-
Notifications
You must be signed in to change notification settings - Fork 2
Contributing Guide ‐ Osservatorio
Benvenuto! Siamo felici che tu voglia contribuire al progetto Osservatorio ISTAT. Questa guida ti aiuterà a iniziare nel modo giusto.
# Fork il repository su GitHub
# Poi clona il tuo fork
git clone https://github.com/YOUR_USERNAME/Osservatorio.git
cd Osservatorio
# Aggiungi upstream remote
git remote add upstream https://github.com/AndreaBozzo/Osservatorio.git
# Setup ambiente locale
python -m venv venv
source venv/bin/activate # Linux/Mac
venv\Scripts\activate # Windows
pip install -r requirements.txt
pip install -r requirements-dev.txt
# Installa pre-commit hooks
pre-commit install
# Test hooks
pre-commit run --all-files
# Test che tutto funzioni
pytest tests/unit/test_config.py -v
python src/api/istat_api.py
Usa il Bug Report Template:
- Descrizione chiara del problema
- Steps per riprodurre
- Environment details (OS, Python version)
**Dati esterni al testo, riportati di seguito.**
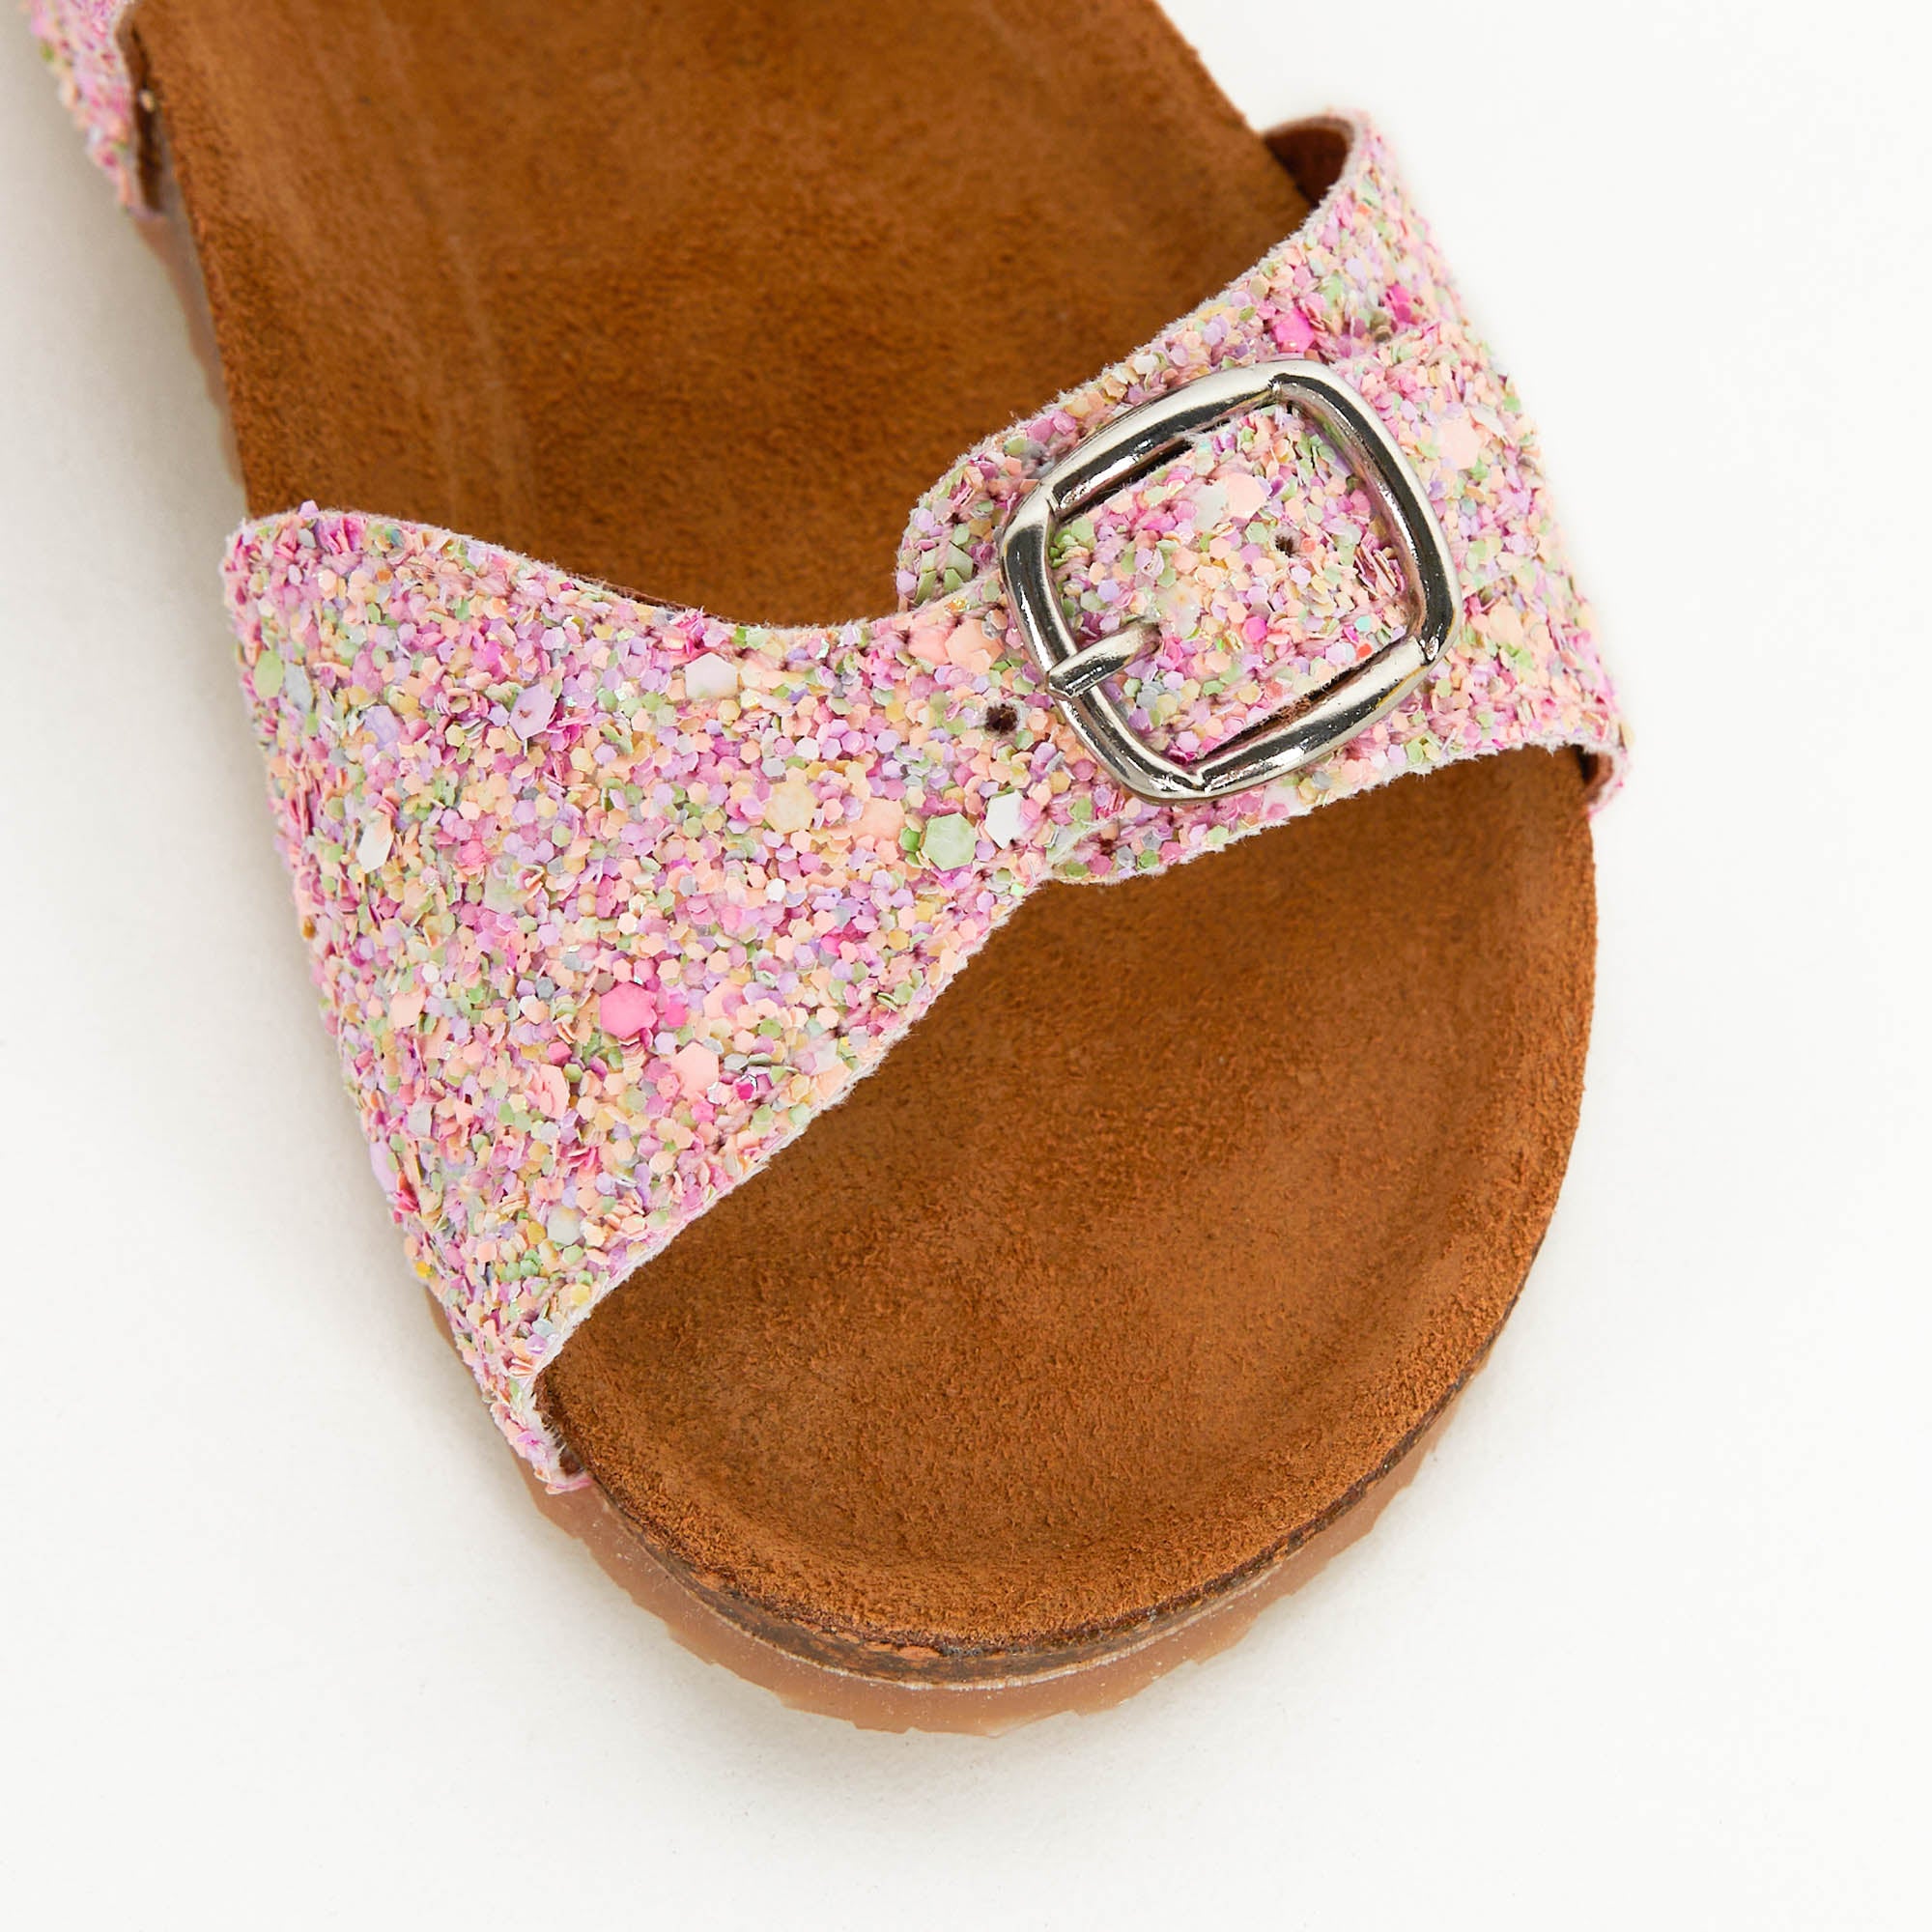 Girls Pink Glitter Sandals

- Stack trace se disponibile
Usa il Feature Request Template:
- Descrizione del problema che risolve
- Soluzione proposta
- Alternative considerate
- Implementation notes
Usiamo il Documentation Template:
- Improve existing docs
- Translate to other languages
- Add examples and tutorials
- API documentation
Seguire il Development Workflow
# 1. Sync con upstream
git checkout main
git pull upstream main
# 2. Crea feature branch
git checkout -b feature/description
# o bug/description
# o docs/description
# 3. Lavora sui cambiamenti
# ... edit files ...
# 4. Commit con conventional commits
git add .
git commit -m "feat: add new data validation feature"
# 5. Push to fork
git push origin feature/description
# 6. Crea Pull Request su GitHub
Usiamo Conventional Commits:
# Format: type(scope): description
feat: add new feature
fix: bug fix
docs: documentation changes
style: formatting changes
refactor: code refactoring
test: adding tests
chore: maintenance tasks
# Examples:
git commit -m "feat(api): add PowerBI dataset validation"
git commit -m "fix(dashboard): resolve memory leak in data loader"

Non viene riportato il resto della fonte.